Mu You memegang paha Dongguan yang mulai turun, tidak membiarkan Dongguan jatuh, dan bertanya serius.
“Ini sudah mendingan, dulu aku baru lihat lelaki saja… aduh, nggak usah diurus!”
Dongguan bicara cepat karena gugup, lalu sadar dirinya tanpa pertahanan membahas masa lalu dengan seorang narapidana, ia marah dan malu.
“Oh, begitu, nggak mau diurus ya?”
Mu You kembali tersenyum nakal, mendekati Dongguan dan meniupkan napas hangat ke pipinya yang sudah memerah.
“Ah, bukan, bukan, ayo masuk kamar, kenapa pintu ini nggak bisa dibuka?”
Mu You merasakan bekas basah di bawah tubuhnya semakin banyak, melihat Dongguan hampir hancur, ia merasa Dongguan lucu dan memutuskan berhenti menggodanya.
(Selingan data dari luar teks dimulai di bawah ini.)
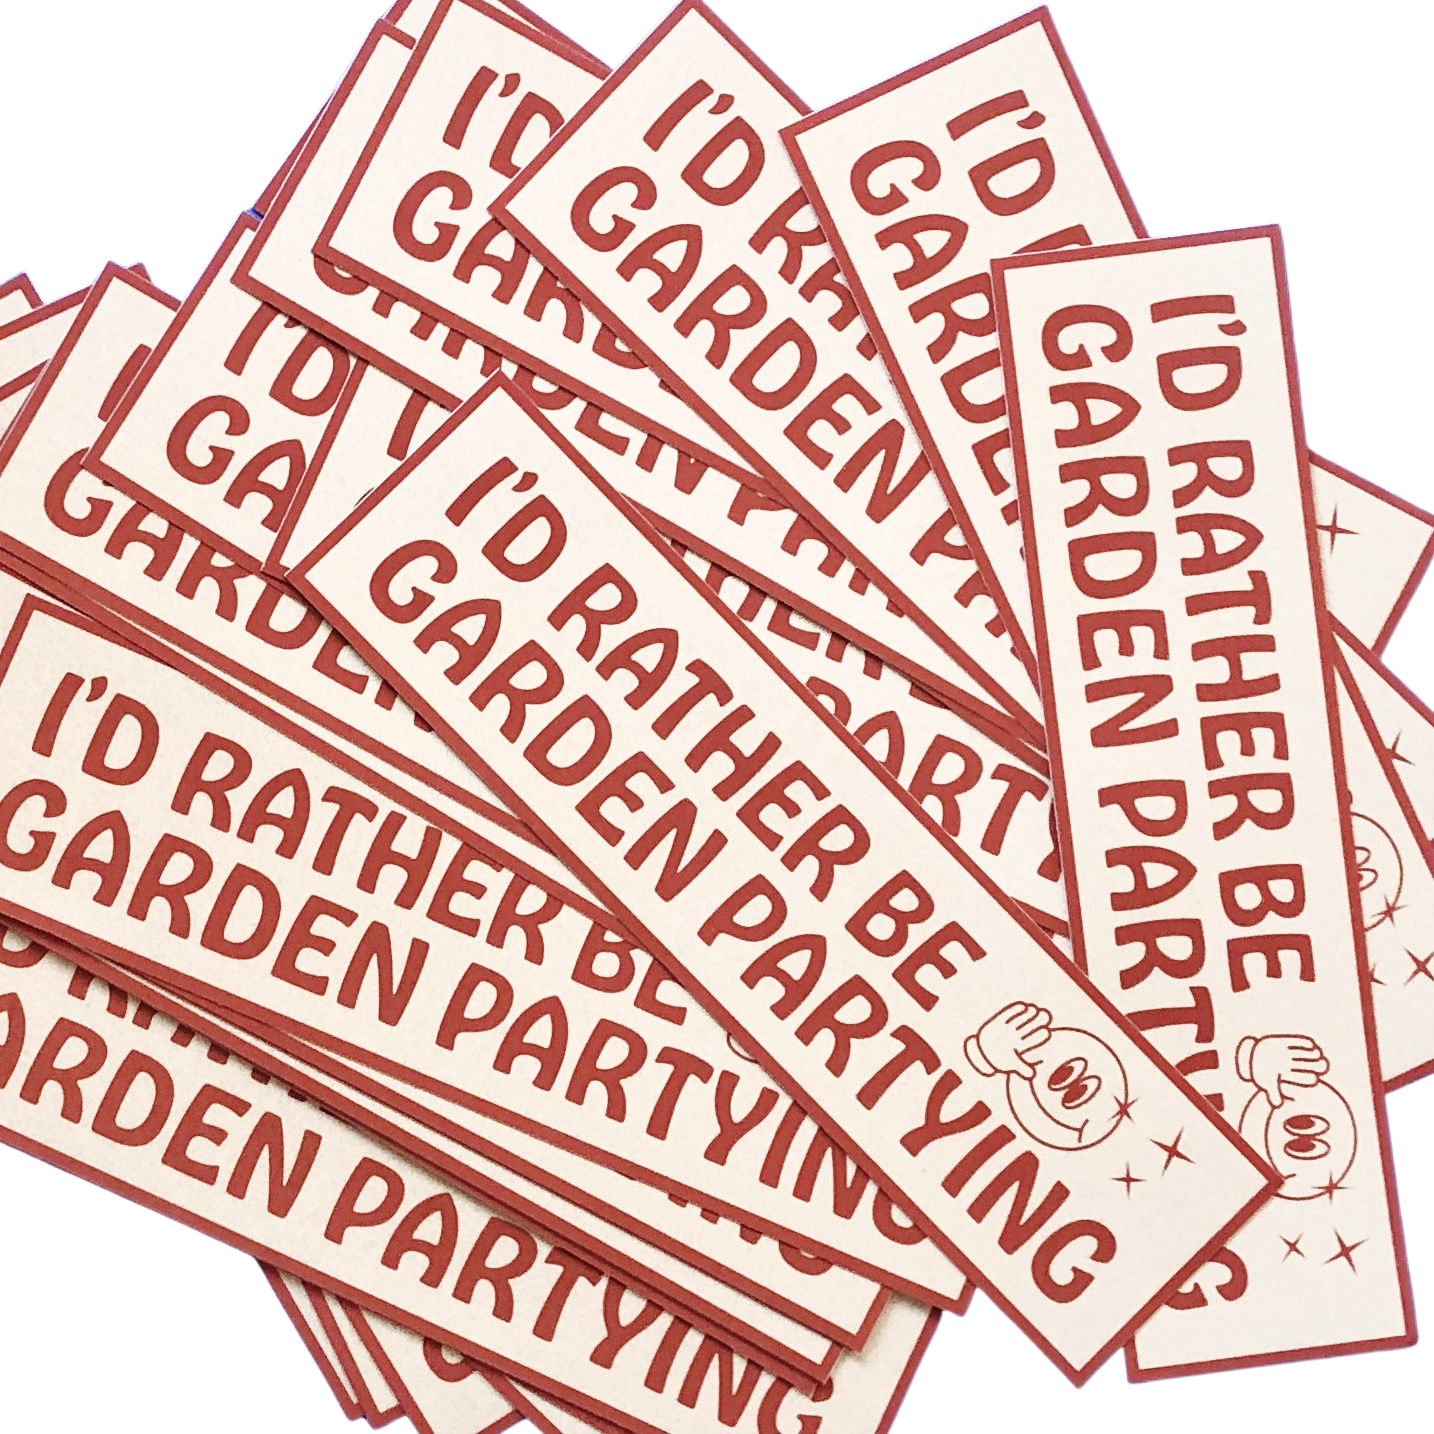 I'd Rather Be Garden Partying Bumper Sticker

“Dasar, pintu ini cuma punya satu sandi, aku tinggal di sini, tentu saja sudah aku ubah.”
Mu You mendekatkan kepala ke Dongguan.
“Kamu mau apa lagi, jangan dekati aku, aku bukan nggak bisa melawan, cuma sekarang lagi lemas, jangan, terlalu dekat, jangan, aku teriak, sungguh aku teriak!”
Dongguan menutup mata, memalingkan kepala, tangan melambai-lambai.
Mu You menyentuh tombol konfirmasi di dekat telinga Dongguan dengan hidungnya, pintu kaca langsung terbuka. Ia mengangkat Dongguan masuk ke dalam ruangan.
Percakapan mereka mulai merendah.
“Yea!”
“Keren!”
“Hebat, ketua memang luar biasa, langsung taklukkan wanita itu!”
Saat pintu nomor nol tertutup, seluruh lantai bergemuruh dengan sorak-sorai yang menggetarkan telinga!